What this means is that all the bits that were 0, were flipped to 1, and all the bits that were 1 previously, were flipped to 0. - Then, we add 1 to this new number (2s Complement):
1111 1111 1111 1001 + 0000 0000 0000 0001
= 1111 1111 1111 1010.
This is how we represent -6: 1111 1111 1111 1010.
And to show you that I didn’t lie when I said, +6 + (-6) is actually equal to 0. Lets add these Binary numbers together:
Adding the +6 + (-6):
0000 0000 0000 0110
+ 1111 1111 1111 1010
- - - - - - - - - - -
1 0000 0000 0000 0000
But we do get a 1 at the Rightmost position don’t we? Yes, but it gets dropped as it doesn’t fit in a 16-bit Integer. So, the final result indeed is going to be 0 or in hex: 0x0000.
Unsigned Integer 16b (2B), 32b (4Bytes), 64b (8B)
The other kind of Integers are Unsigned Integers. In this case, we don’t need the Rightmost Bit, as all numbers are Positive. So, we can use the complete set of bits to represent an Integer.
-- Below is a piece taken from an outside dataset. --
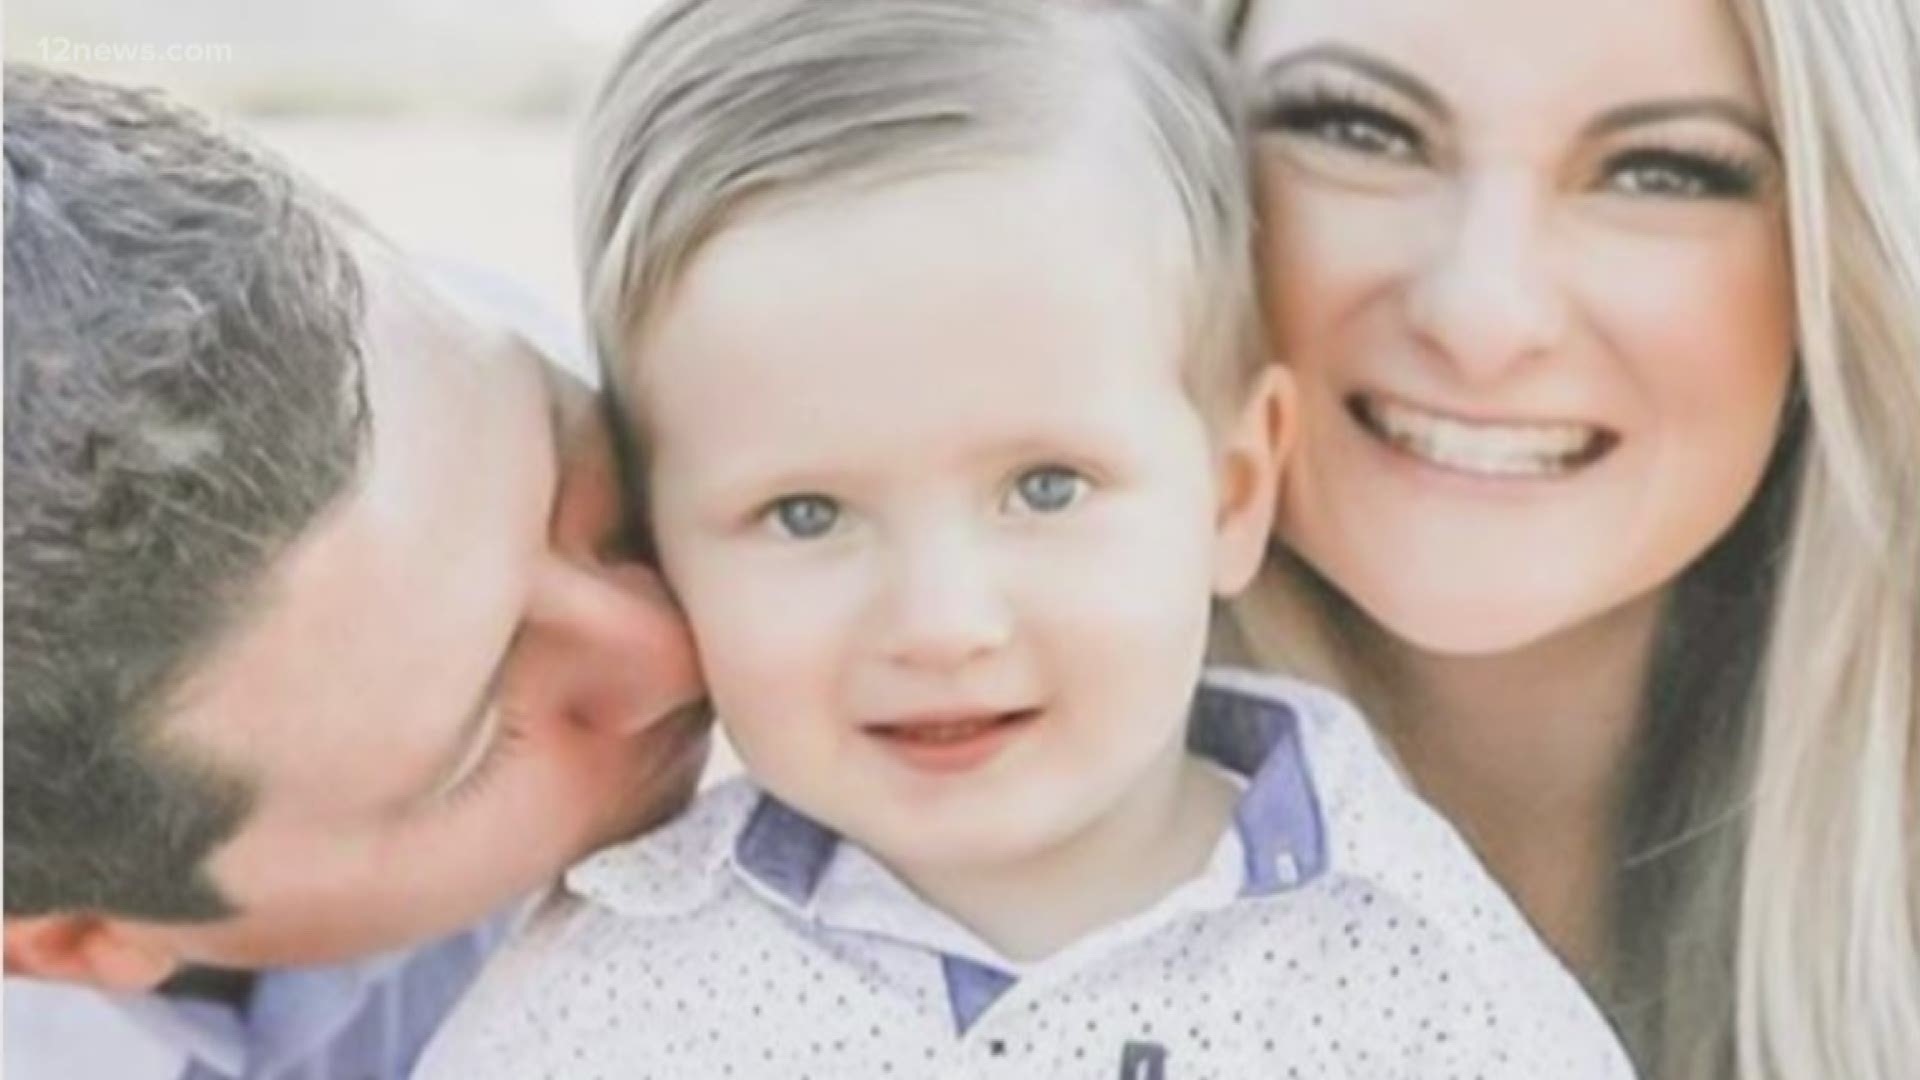 A family from LA was in the Valley for spring training when their 2-year-old son was killed by a driver who jumped the curb in front of a Scottsdale breakfast spot.

This type of Integer is generally used to store the size of an element or something similar.
Note: The article in here: https://towardsdatascience.com/unsinged-signed-integers-and-casting-in-rust-9a847bfc398f is actually a great resource to read, as it goes in details using Rust.
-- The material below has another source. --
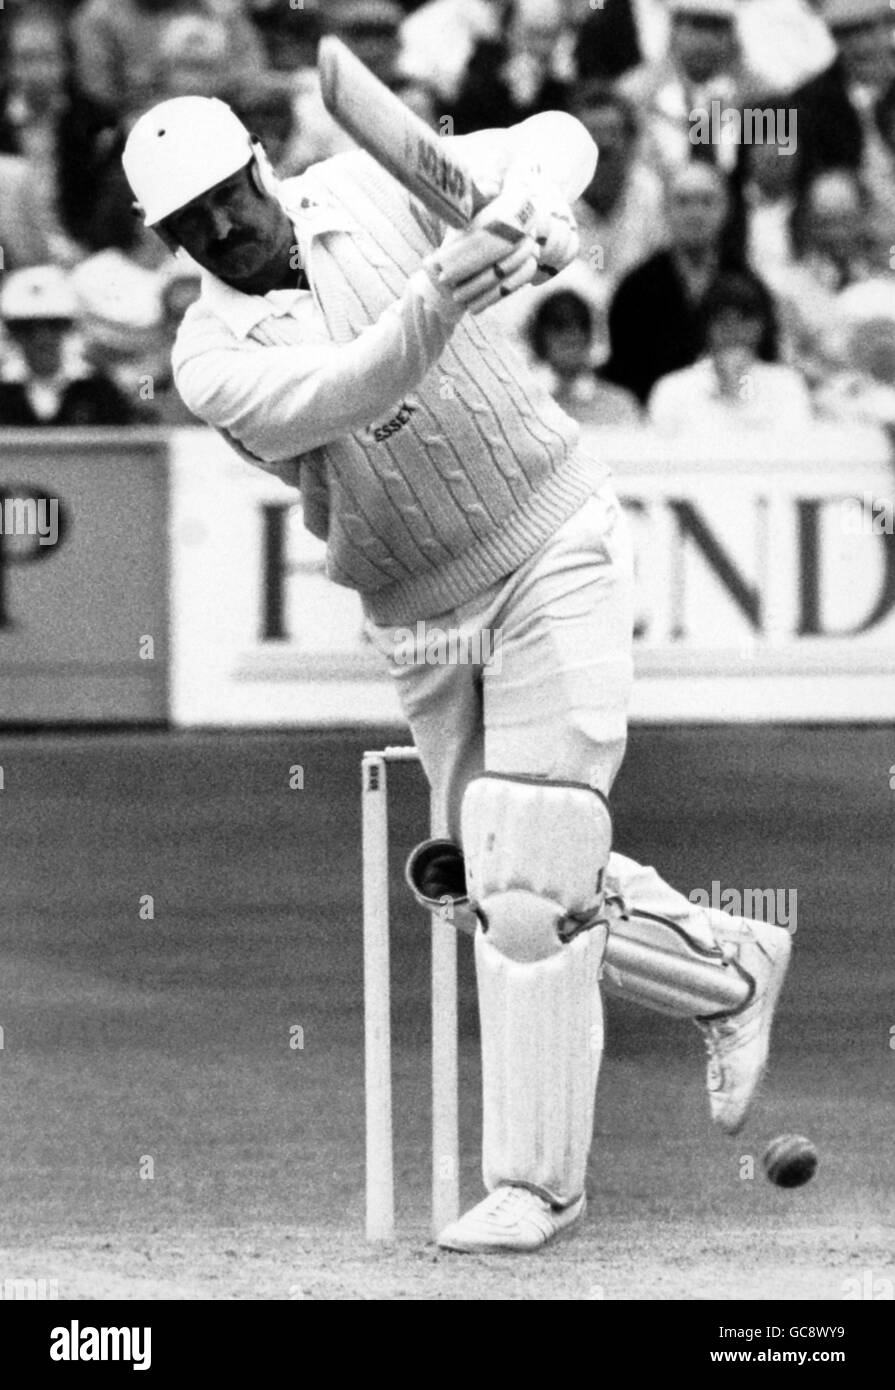 Cricket - Essex v Hampshire - Benson and Hedges Cup 1988 (Semi-Final) - Day One - The County Ground, Chelmsford. Essex batsman Graham Gooch in fine batting action Stock Photo

Double 64b (8B), 128b (16B)
Double is actually represented as 2 Signed Integers in most systems. So for 32-bit (4 Bytes) systems it is 64-bit (8 Bytes), while in 64-bit (8 Bytes) systems it is 128-bit (16 Bytes).
Float — Exponent and Mentisa
Floating points are numbers like 3.414. So how are these represented? Well for a start it represented in the same 16-bit, 32-bit or 64-bit space like Integers, but unlike Integers it is not represented in the exact Binary representation, as its not memory efficient. Rather, its components are stored.
- First the number is converted to its Binary Format, so for our example 3.414: 11.11001111.
- Then it is normalized into Implicit or Explicit Forms. Lets just use the Explicit Form right now: 0.1111001111 X 2²
- The number is actually broken up into 3 separate components: (1) Sign (2) Exponent (3) Mentisa.
So the Rightmost Bit (Most Significant Bit) is stores the sign, i.e., 0 for Positive, 1 for Negative.
For the Exponent, which in our case is 2, it is transformed into a processed called Biasing as Negative Exponents are not used. So, values from:
-8, -7, -6, -5, -4, -3, -2, -1, 0, 1, 2, 3, 4, 5, 6, 7 are converted to
0, 1, 2, 3, 4, 5, 6, 7, 8, 9, 10, 11, 12, 13, 14, 15.
For our case 2, it is converted to 10, which in Binary is 1010.
And finally, the Mentisa is the number after the . decimal value which is 1111001111.
So it is represented in 16-bit as 0 01010 1111001111.
So the exponent takes 5-bits.
Then for 32-bit as 0 00001010 00000000000001111001111.
So the exponent takes 8-bits.
ASCII and Unicode
We are done with numbers, which are represented as 16-bit, 32-bit or 64-bit Integer or Floating point, or their Double counter parts which are 64-bit or 128-bit as mentioned above. But how do we represent characters like ‘a’, ‘%’?
These were initially represented as 1 Bytes (8-bit) with an encoding rule called ASCII. Here is how the table looks:
So we can see that ‘a’ is represented as 97, or in bits 0110 0001, or in hex 0x61.
Similarly, ‘%’ is represented as 37, or in bits 0010 0101, or in hex 0x25.
This normal ASCII table goes from 0–127, which can be represented with 7-bits. What happened to another bit? Well for that we have the extended ASCII table:
But with time, we needed to represent many more characters and it was not possible to do with 8-bits (1 Byte) whose range is from 0 to 255. For this we needed a much more flexible approach which led to UTF-8 encoding, which is to use more than 1 Byte — 2/3 Bytes to represent these characters.
Note: Unicode is backwards compatible with ASCII. i.e., 0–127 Decimal Representation of Characters in Unicode is same as the ASCII Characters.
So how does a character like ‘😀’ is represented?
Well here is what its Decimal Value looks like: 128512
And its Hex Value: 0x1F600
There are total of 149,878 characters currently in the UTF-8 unicode standard.
Conclusion
It helps to learn how humans and computers represent information under the hood, and as it demystifies things at a deeper level. Hopefully this guide helped you to learn something new today!